# Old Ship Mates - Everards from Goole



## jonnyangel (Jan 21, 2014)

Hello, I'm posting this on behalf of my father who from 1965 onwards sailed out of Goole on Everard's, the Georgina V and Frederick T.

My father's name is Trever Harrison. He was also accompanied by his brother, Dave Harrison (for one trip before he returned to work in Goole Docks).

My father was a young man at the time and initislly joined as a galley lad, having first pic of the fresh pasties and chips!!! 
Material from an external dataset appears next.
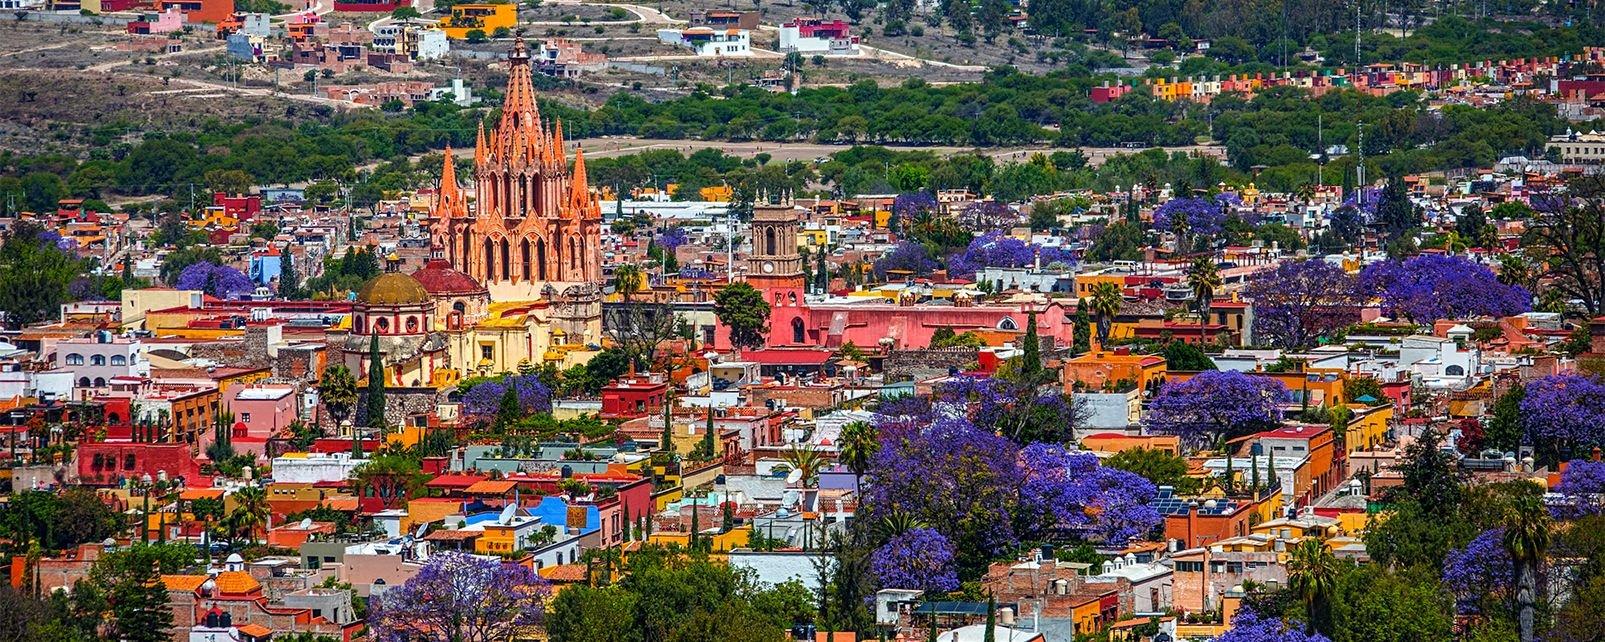 Le centre baroque de san miguel de allende mexique continental mexique - Location de vacances san miguel mexique ...

Although he has his memories, and a few pics of the ship's, it would be great to chat to anyone with shared memories of the era in my dad's life.


----------



## L888doc (Mar 25, 2014)

Hi jinny angel I sailed on Frederick t everard 1967 sh. I went down to rothesay dock in clydebank looking for ab job but they needed bosun.so there I was bosun at 21 . We carried cement from Thames to clydebank hence the knicname : clinker express:I remember approaching docking at clydebank I was standing by anchor I turned to second mate and said :he is not gonna clear the knuckle : the order came from skipper :drop anchor: I did and it landed on the quay. Do you realize the size and weight of these stones? Divers et al were called to recover plus repairs to our bow. A final bit of history, we were in Southampton and my fiancé was over from Toronto and came down to visit, I proposed to her then and here I am still married 46 years later. Fred t has a lot to answer for!


----------